--- GIVEN INFORMATION ---

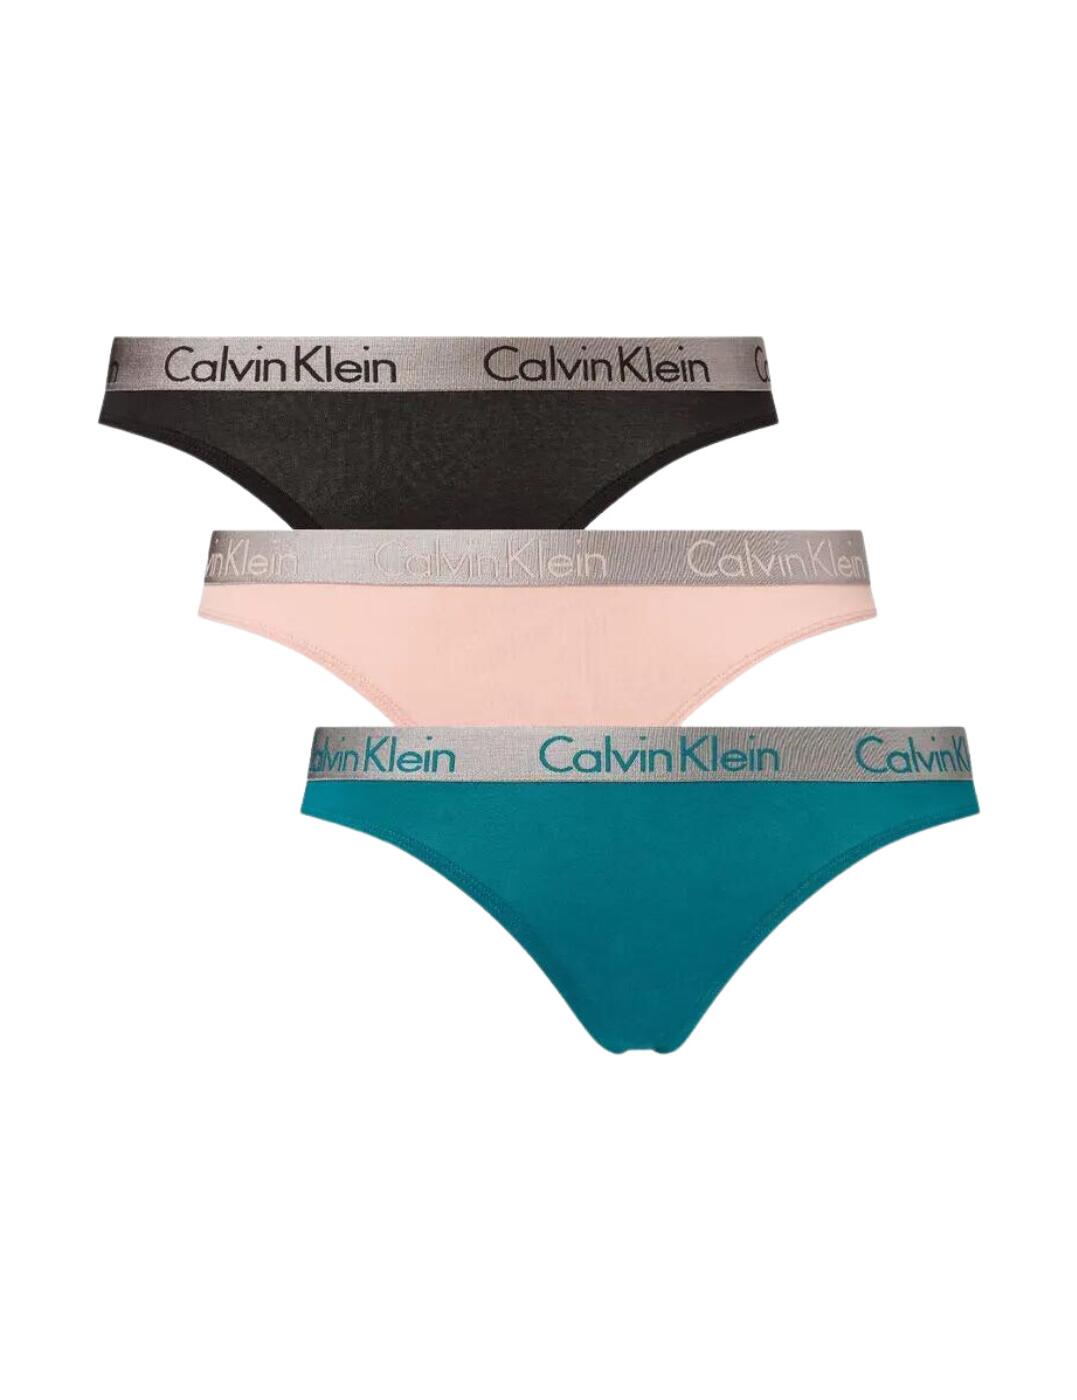 000QD3590E Calvin Klein Radiant Cotton Thong 3 Pack - QD3590E Turtle  Bay/Black/Cherry Blossom
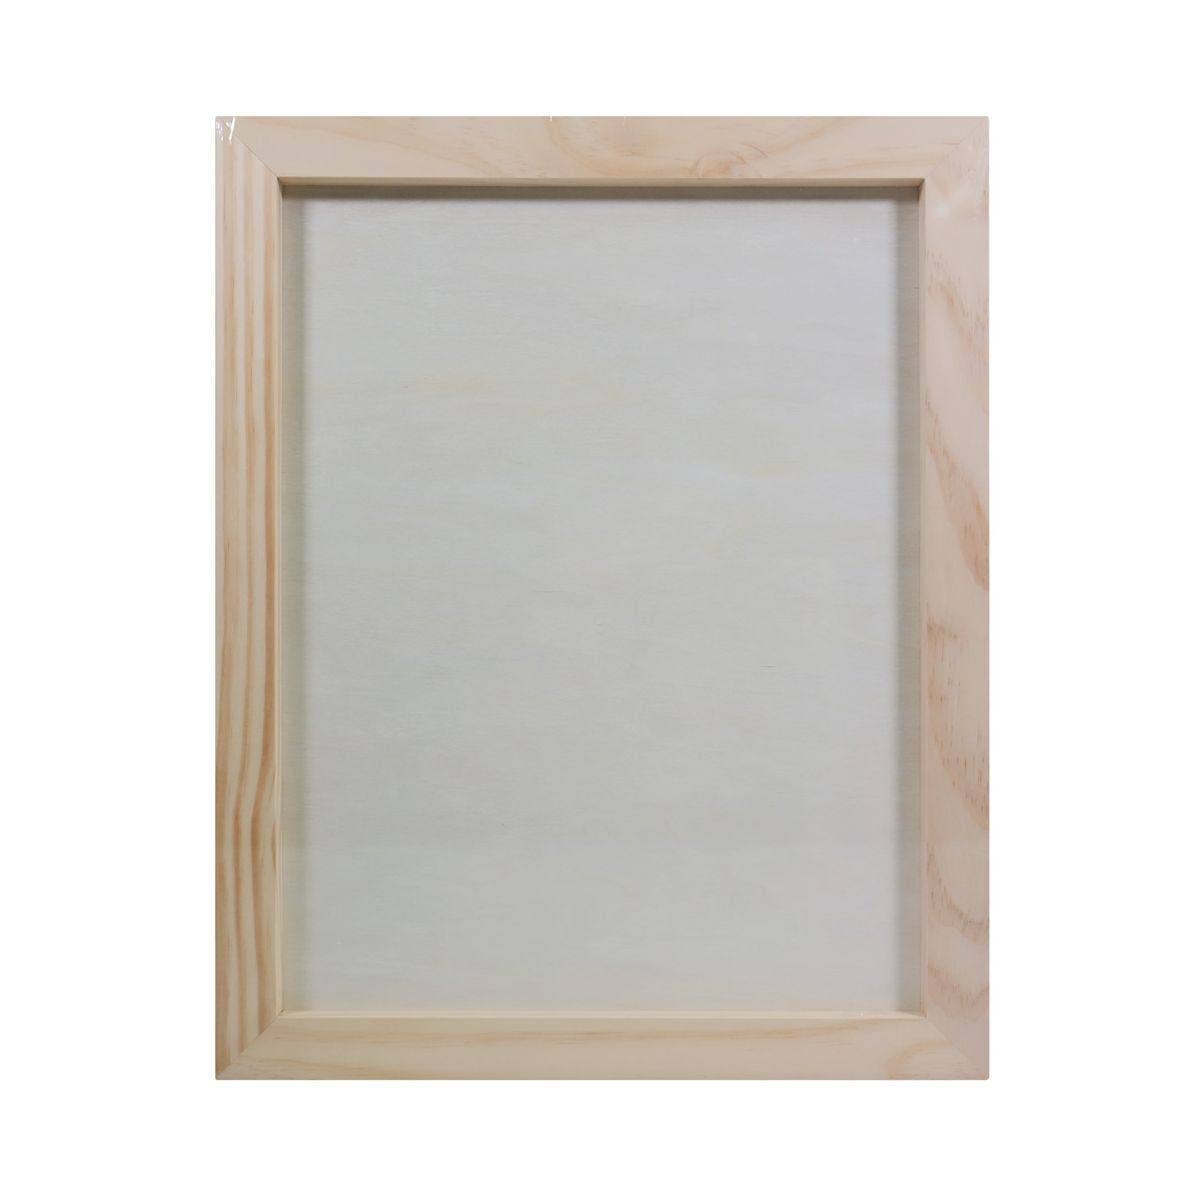 Painting Board Premium 40.6 x 50.8cm (16 x 20in)
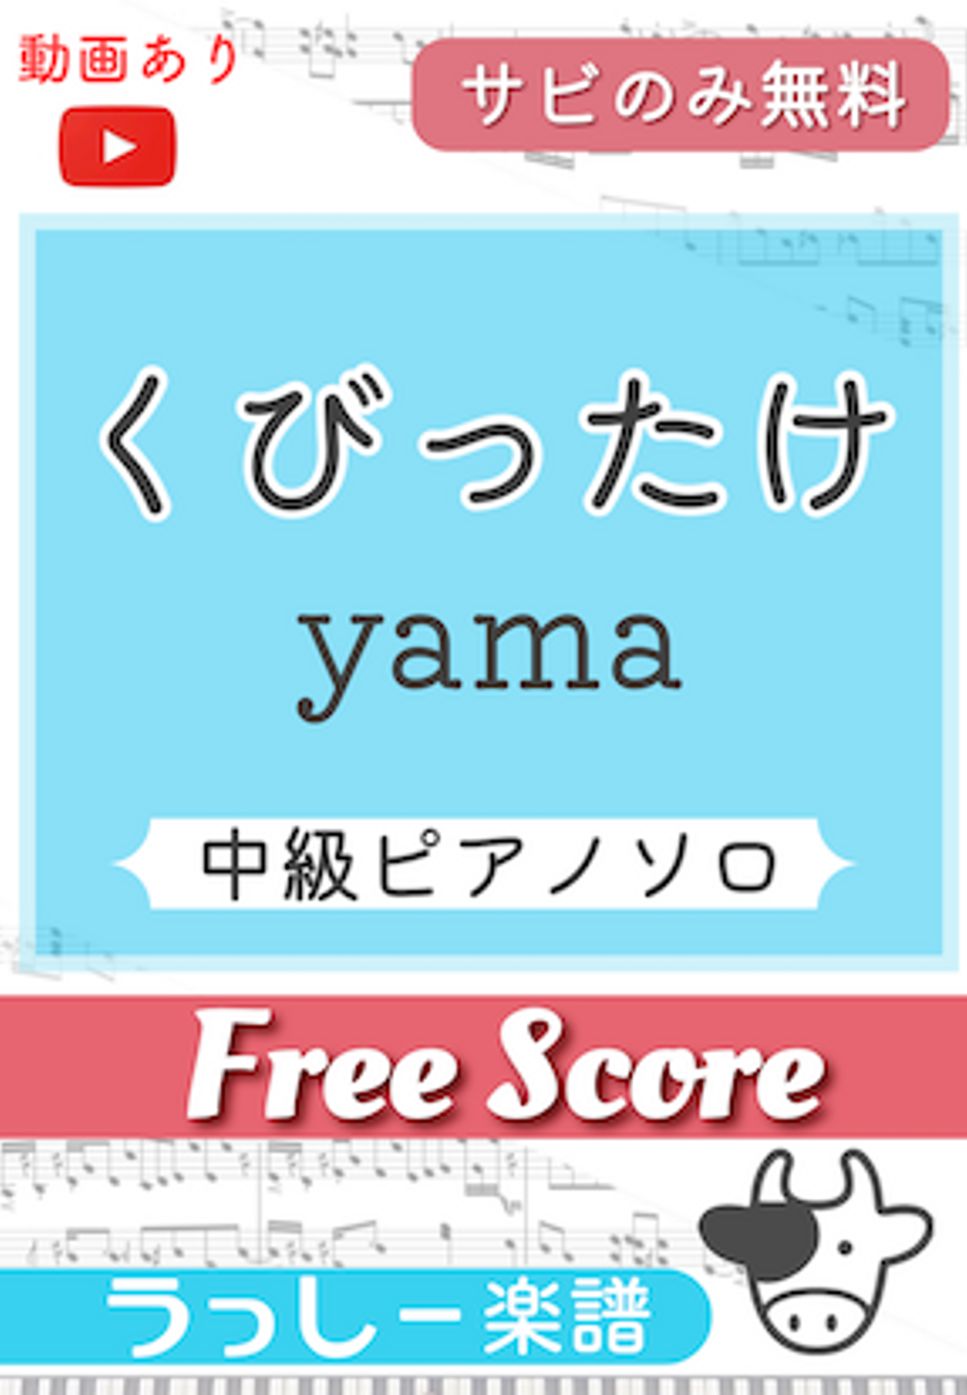 yama - くびったけ (サビのみ無料) by 牛武奏人

---

**REQUIREMENT:** Every line above should be copied exactly; do not carry over the pictures.

**RESPONSE AREA:**
 000QD3590E Calvin Klein Radiant Cotton Thong 3 Pack - QD3590E Turtle  Bay/Black/Cherry Blossom
 Painting Board Premium 40.6 x 50.8cm (16 x 20in)
 yama - くびったけ (サビのみ無料) by 牛武奏人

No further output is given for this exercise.